Activity
Would you transcribe the records below from the line with "Evergreen Enterprises Joyful" to the line with "Adidas Light Low 3PP Sock (DZ9401) White", ends included, exactly and with nothing more, leaving the pictures out?

Data
++++

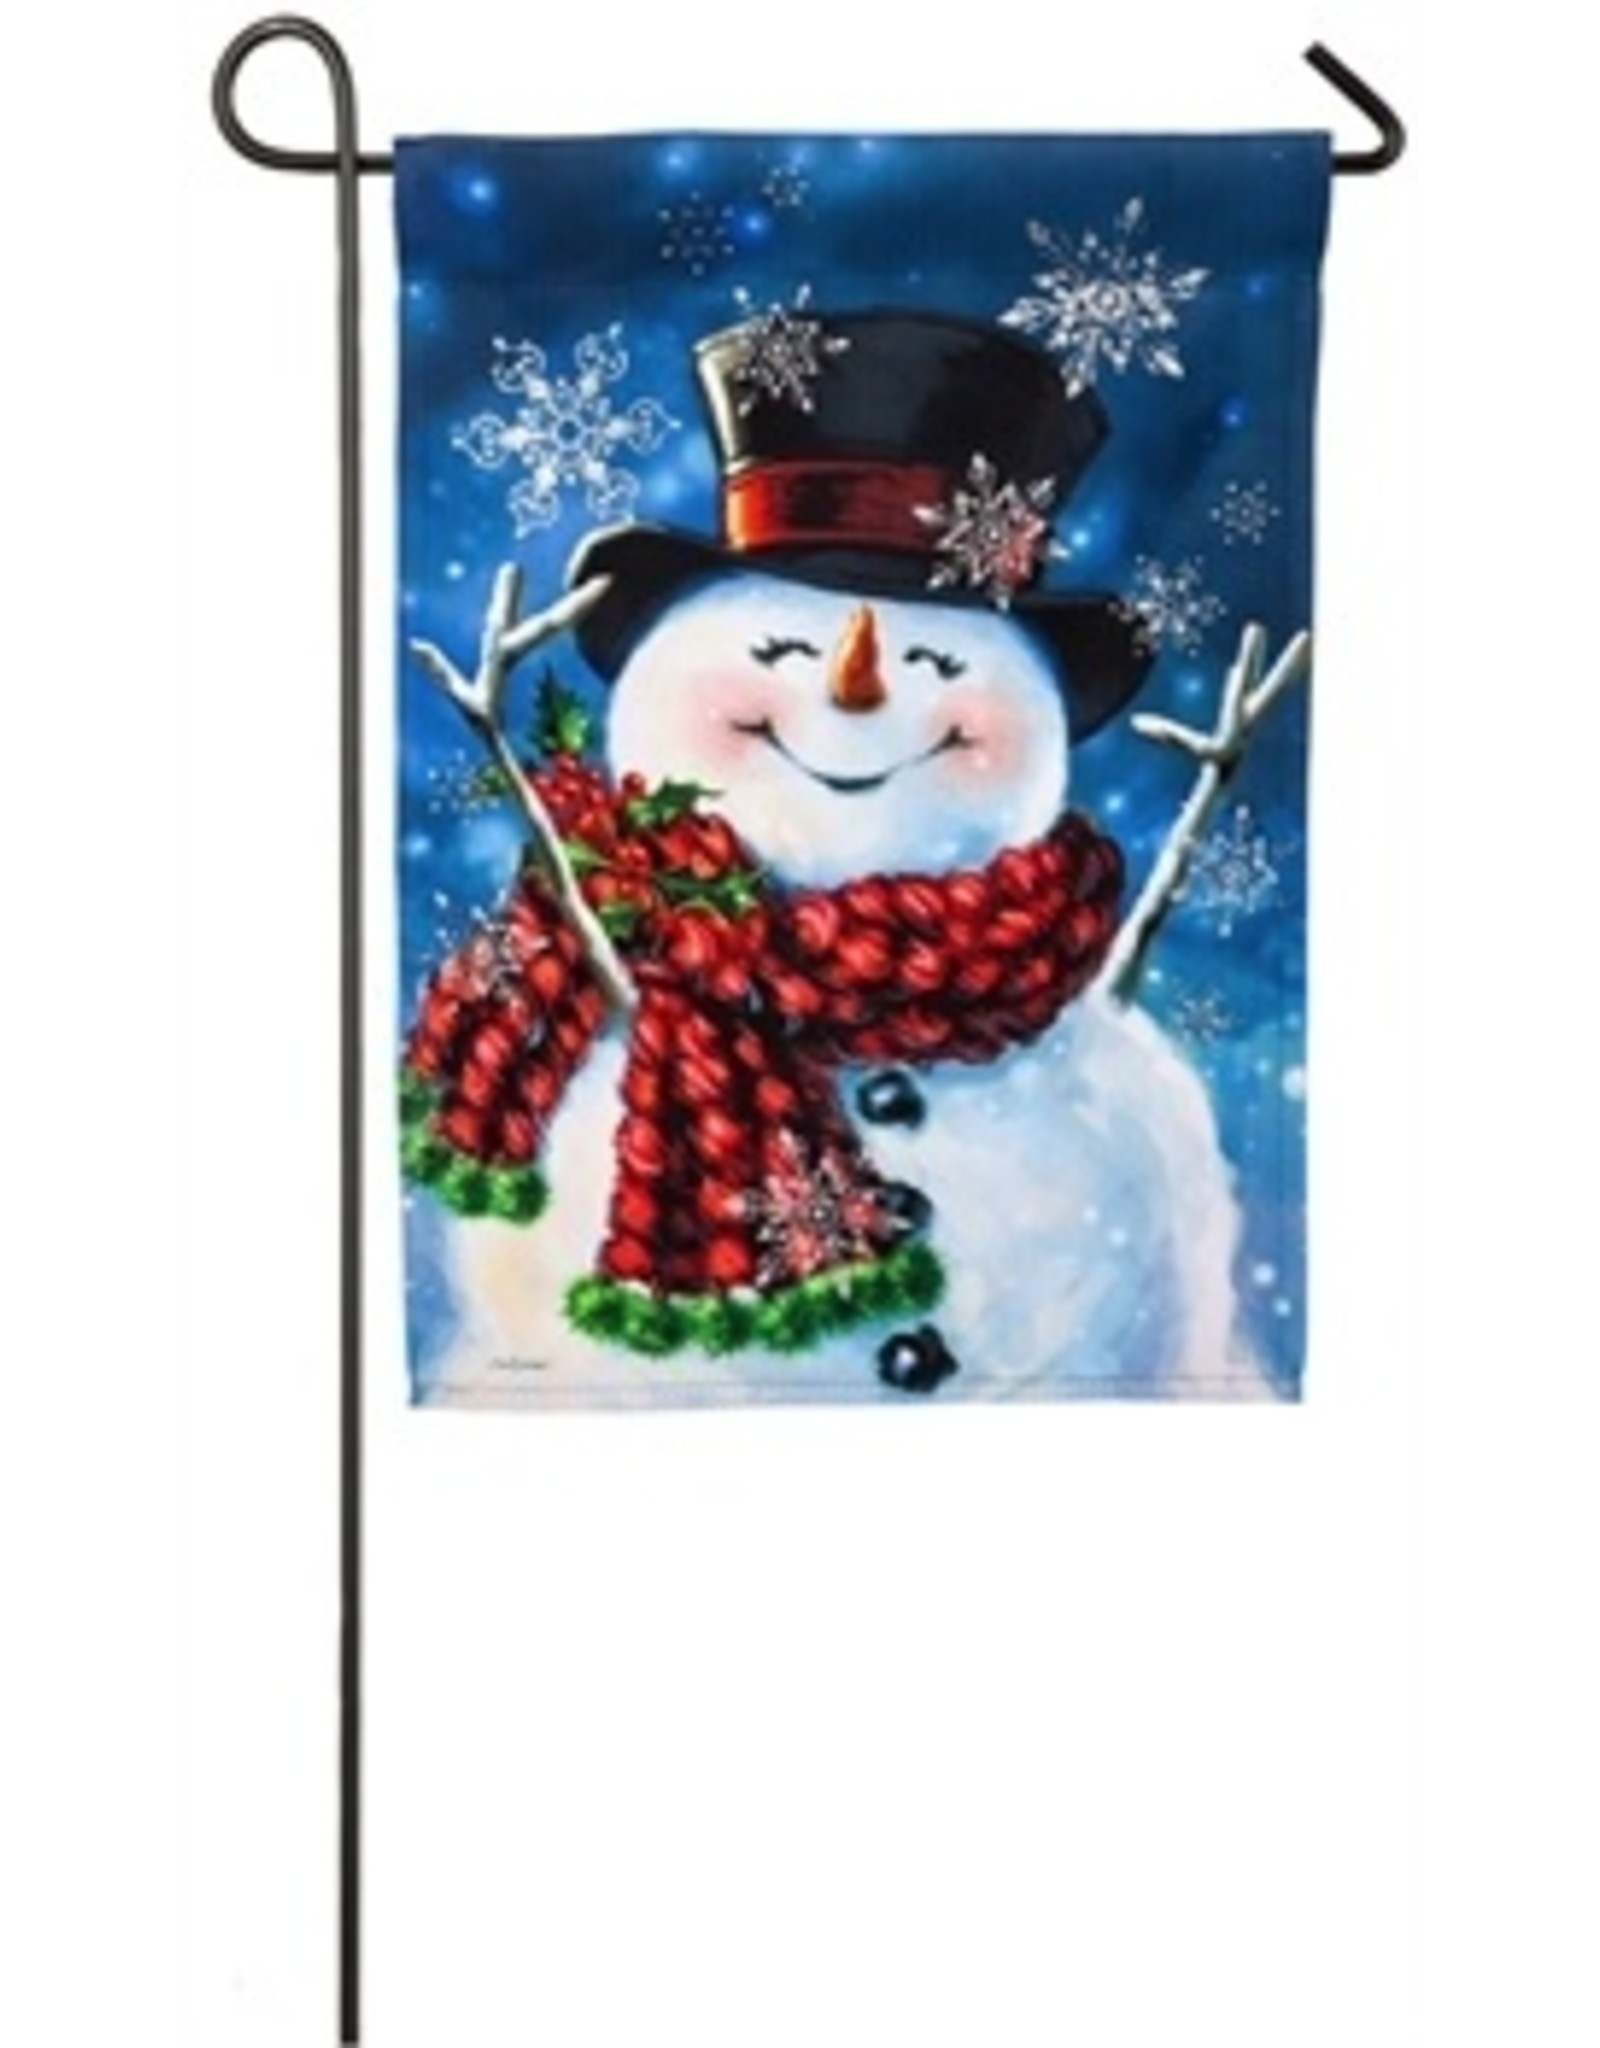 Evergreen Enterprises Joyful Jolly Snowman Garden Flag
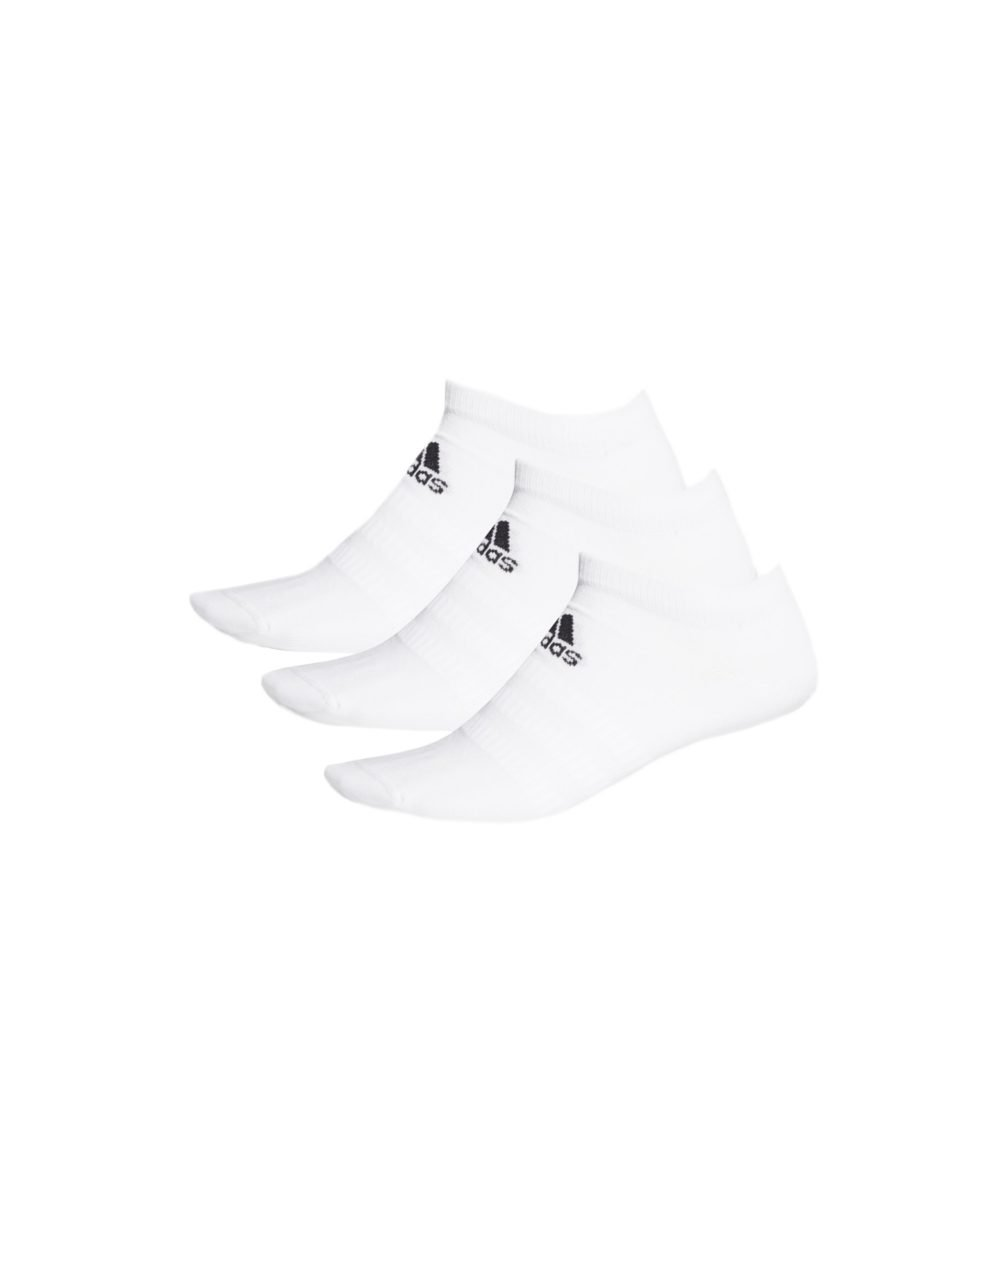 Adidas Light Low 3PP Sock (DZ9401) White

++++

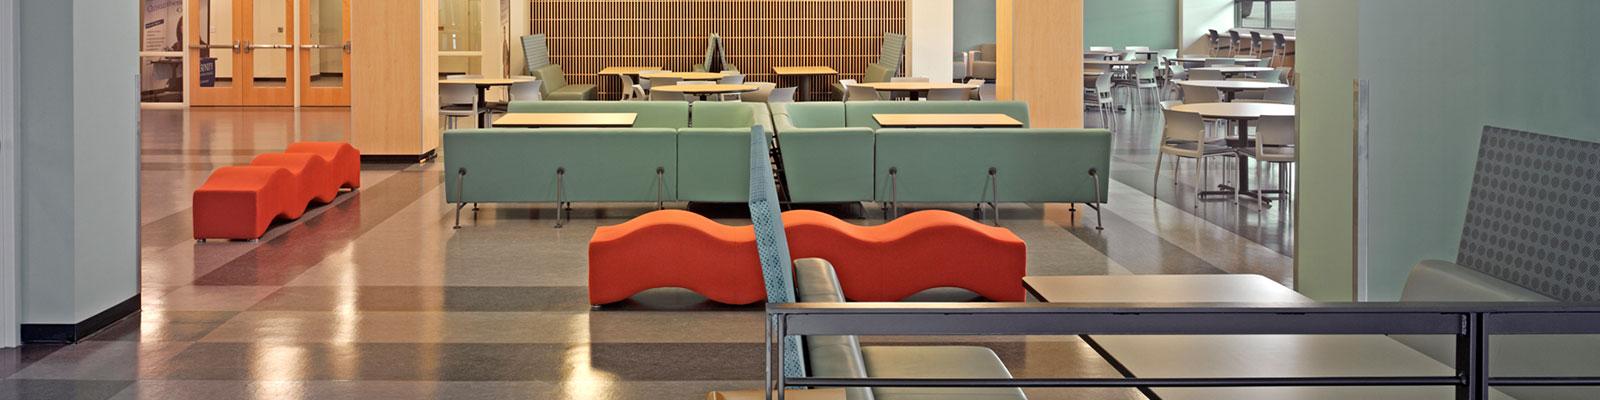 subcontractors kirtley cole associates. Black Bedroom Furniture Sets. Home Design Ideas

++++

Exercise answer
 Evergreen Enterprises Joyful Jolly Snowman Garden Flag
 Adidas Light Low 3PP Sock (DZ9401) White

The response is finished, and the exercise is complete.